On Tuesday a federal judge denied a request from the Justice Department to dismiss a lawsuit aiming to block health care subsidies in states not running their own healthcare exchange sites. Put another way, if the plaintiffs in Halbig v. Sebelius win this case, low- and middle-income individuals in 34 states won't get subsidized health care. The only good news for people expecting those subsidies is that the judge, U.S. District Judge Paul Friedman, decided not to block the subsidies while the case moves forward. 

Friedman heard arguments on Monday from the Justice Department and the plaintiffs, four individuals and three employers from states that declined to run their own exchanges. The Affordable Care Act offers subsidies in the form of tax credits to people who buy insurance through exchanges "established by the state," and the case comes down to what Congress actually meant by that. The Justice Department is arguing that Congress obviously meant all the exchanges, and that the Department of Health and Human Services intended to "stand in the shoes” of the states that allowed the federal government to run their exchanges for them, according to The Washington Times. The challengers are arguing that the Internal Revenue Service ignored the wording in the bill when it publicized that applicants on both kinds of exchanges would get subsidies. They also believe Congress used the subsidies as a way to motivate states to create their own exchanges, meaning the states that didn't create their own exchanges are out of luck. 

Friedman thought both sides kinda had a point, and they kinda do. According to the Affordable Care Act's Section 1401, subsidies in the form of tax credits are available to individuals who "enrolled in through an Exchange established by the State under 1311 of the Patient Protection and Affordable Care Act." Section 1311 defines an Exchange as "a governmental agency or nonprofit entity that is established by a State." Of course, in Section 1322 the law gives the federal government power to create exchanges in states that fail to or elect not to establish exchanges. The challengers argue that the IRS disobeyed the law when it said enrollments in both federal and state-run exchanges (sections 1311 and 1322) qualify for healthcare premium tax credits. 
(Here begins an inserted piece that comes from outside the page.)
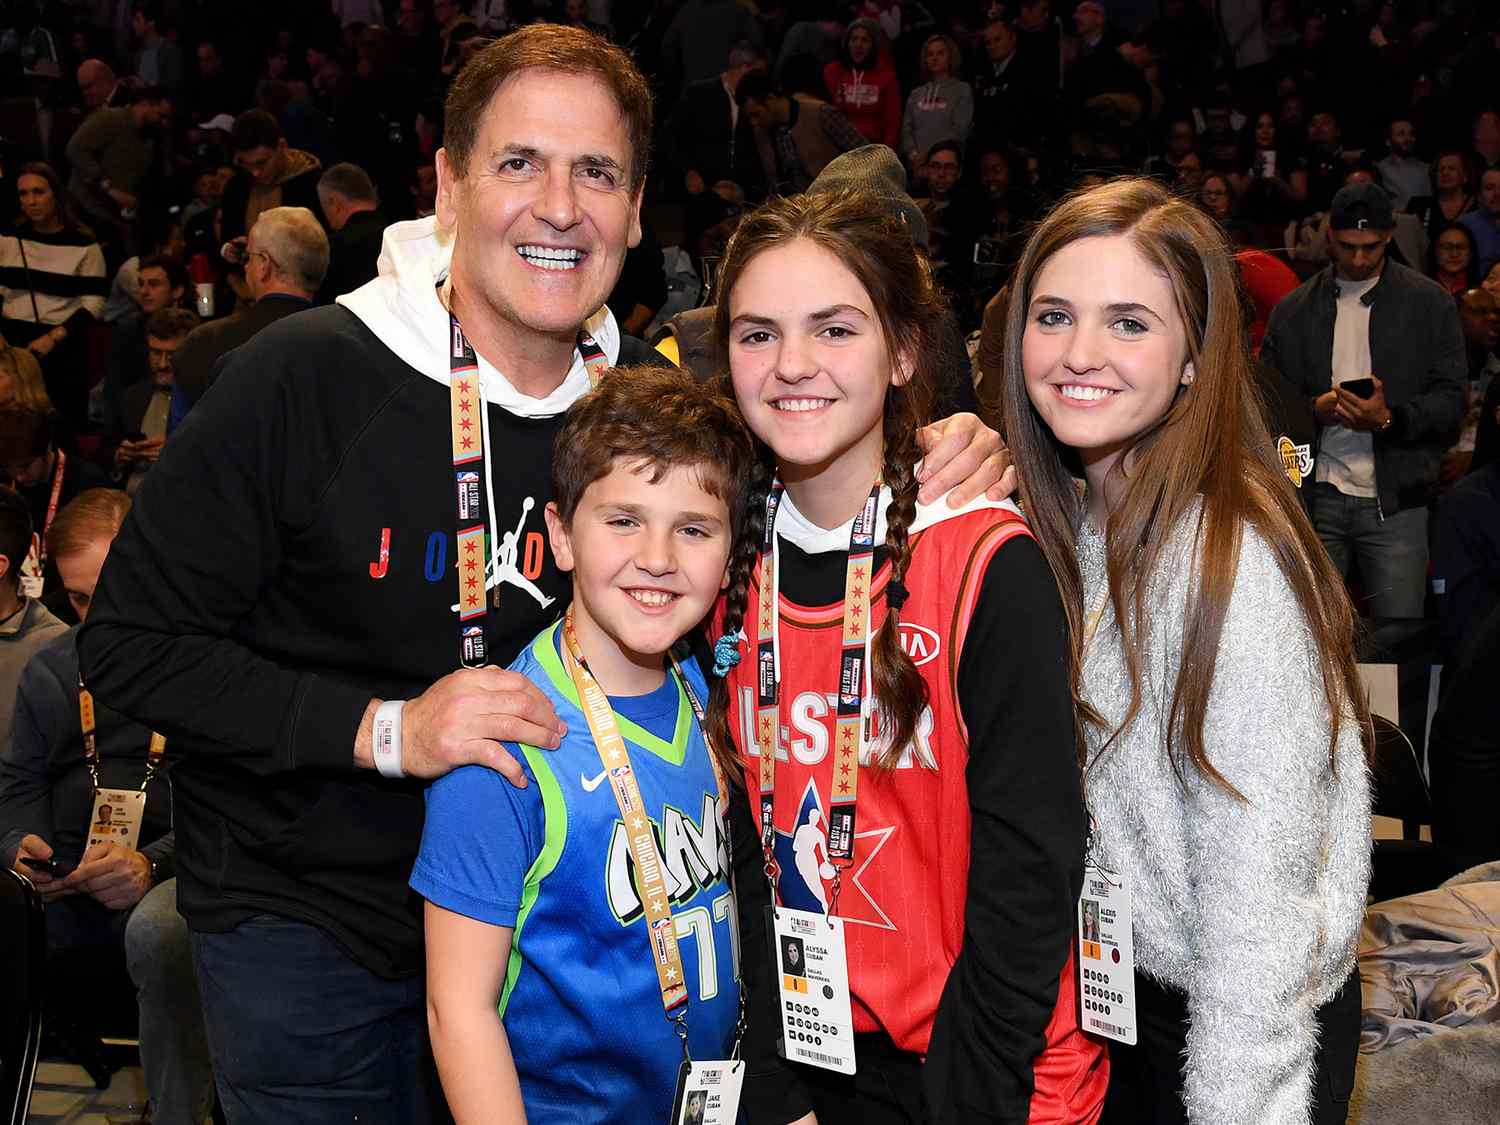 Mark Cuban's 3 Kids All About Alexis, Alyssa and Jake

Of course, this would be bad, bad news for Obamacare, Democrats, President Obama, and everyone who was planning on buying health insurance through the federal exchange, whenever it starts working. How bad? Well, a couple of weeks ago we fact-checked a claim made by Ashley Dionne, a 26-year-old Michigan resident who claimed that the Affordable Care Act would raise her premiums from $75 a month to over $300. "This law has raped my future," Dionne wrote in a tumblr post that later went viral. Dionne, who makes approximately $14,000 a year (rounded up), is eligible for Medicaid, but her mom claimed she'd never go on the program. If Dionne stuck by that choice, Dionne would be eligible for a $2,272 subsidy, which would mean the silver plan would cost her just under $25 a month. Take away that subsidy — Michigan doesn't run its exchange — and Dionne would pay $216. 

That's bad for Dionne and the rest of the country's underemployed millennials, but it's also bad for Obamacare. The more it makes sense financially for young people to opt-out of Obamacare, rather than pay for affordable insurance, the less likely they'll be to enroll in Obamacare. By 2016, the fine for being uninsured will be at least $695 per person, which is way more than Dionne's subsidized $280 a year insurance, but a quarter of the $2,552 unsubsidized rate. If the courts rule in favor of the challengers (or in favor of the three other challenges to Obamacare subsidies) then all the Ashley Dionnes of America may opt-out.